[[ GIVEN MATERIAL open ]]
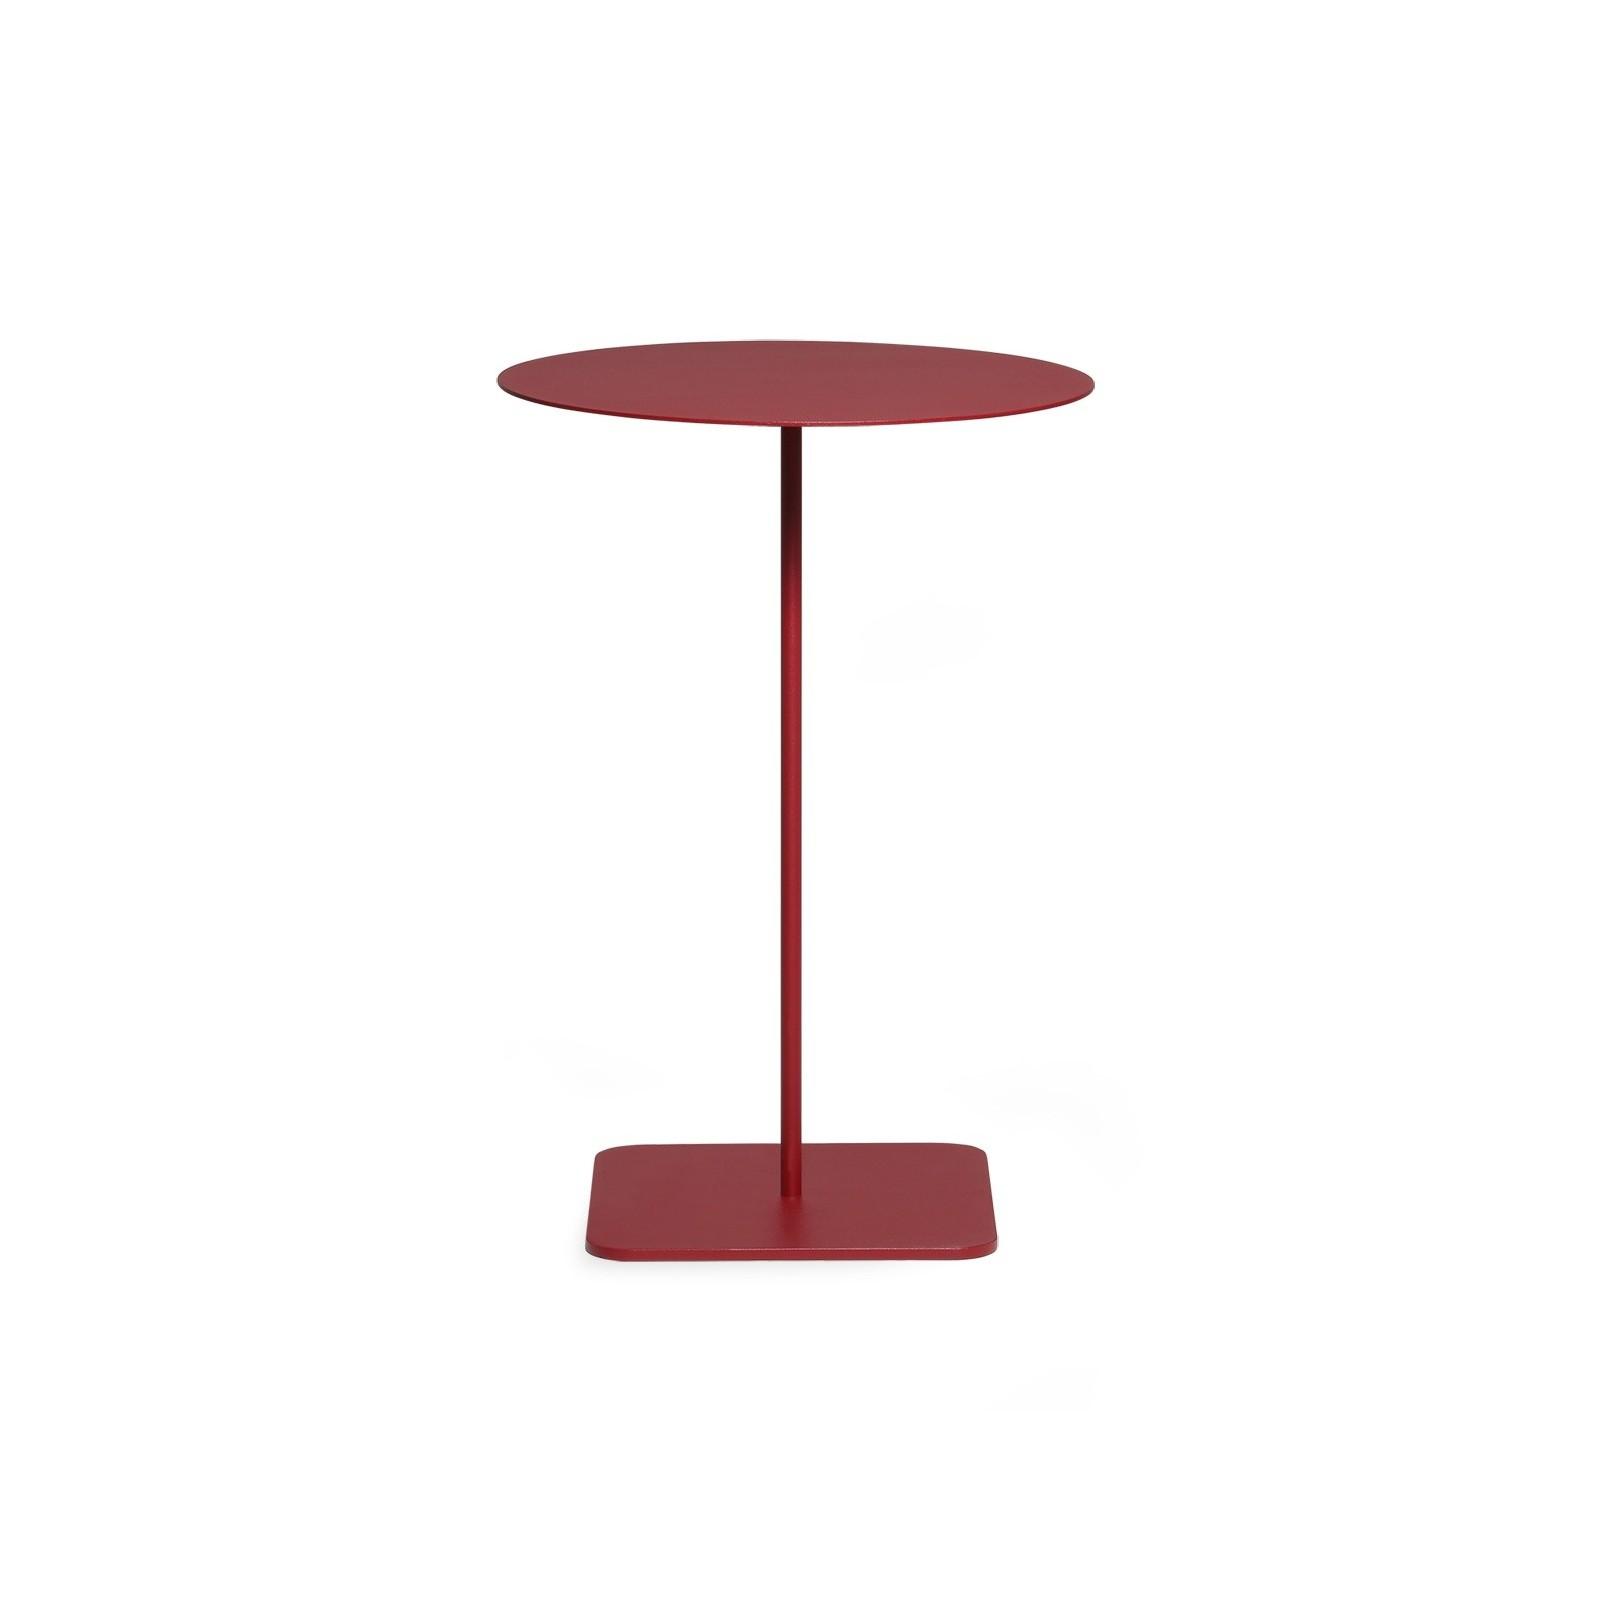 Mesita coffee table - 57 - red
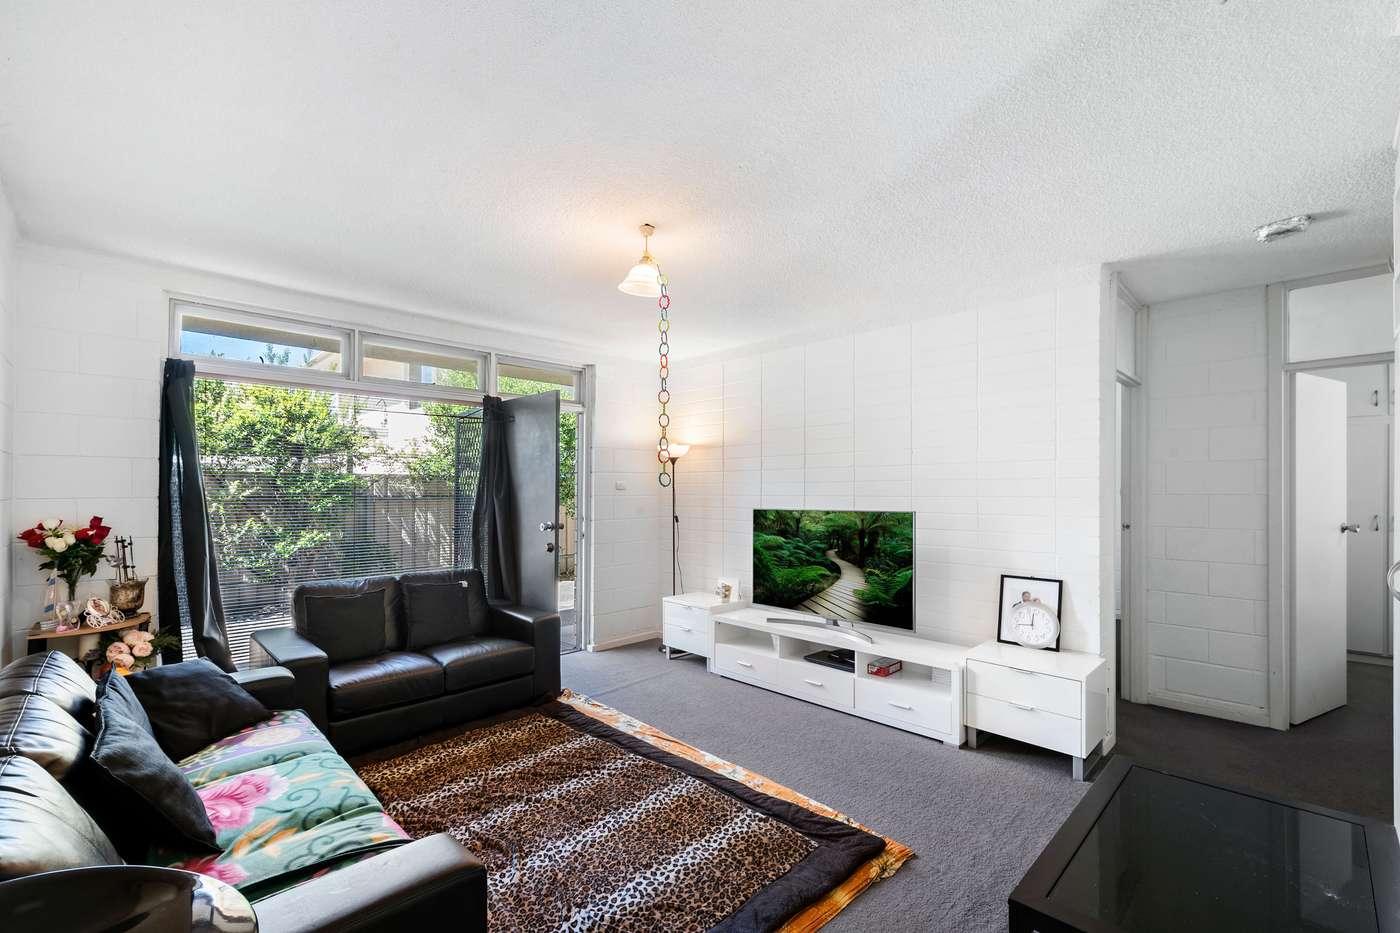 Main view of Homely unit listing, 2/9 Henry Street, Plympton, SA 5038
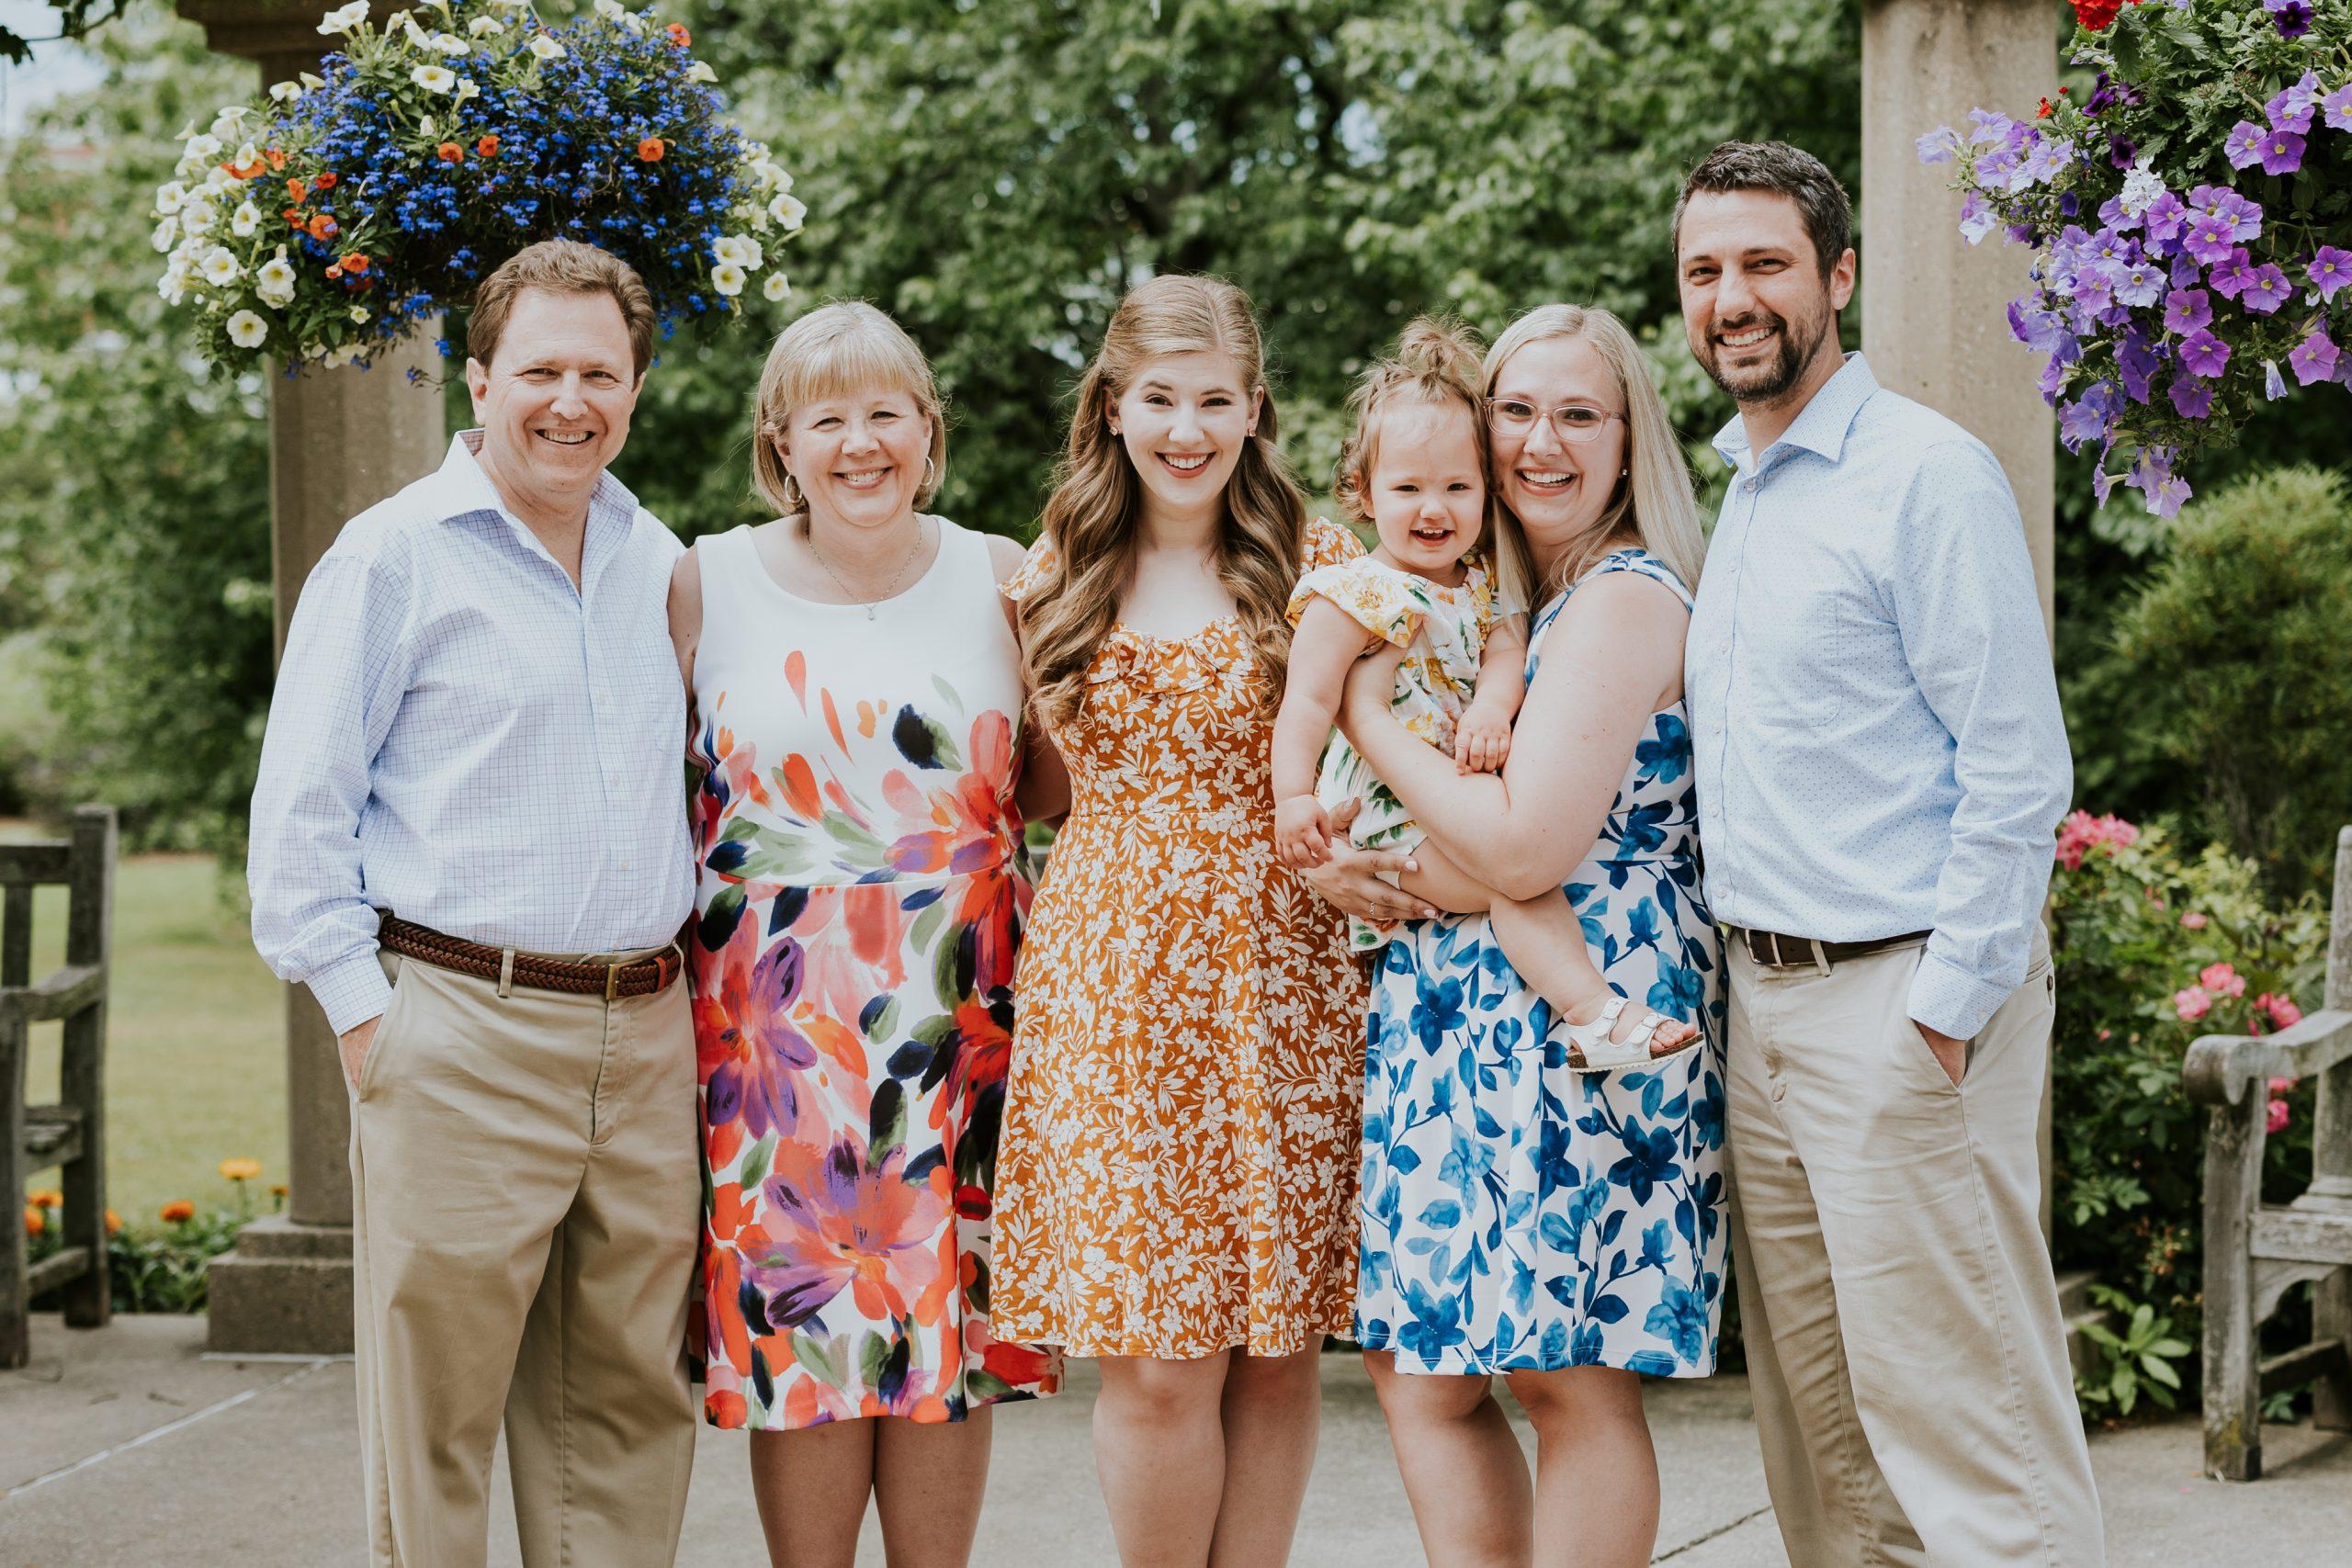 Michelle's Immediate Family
[[ GIVEN MATERIAL closed ]]
Retype the listing exactly. Leave the pictures out.

 Mesita coffee table - 57 - red
 Main view of Homely unit listing, 2/9 Henry Street, Plympton, SA 5038
 Michelle's Immediate Family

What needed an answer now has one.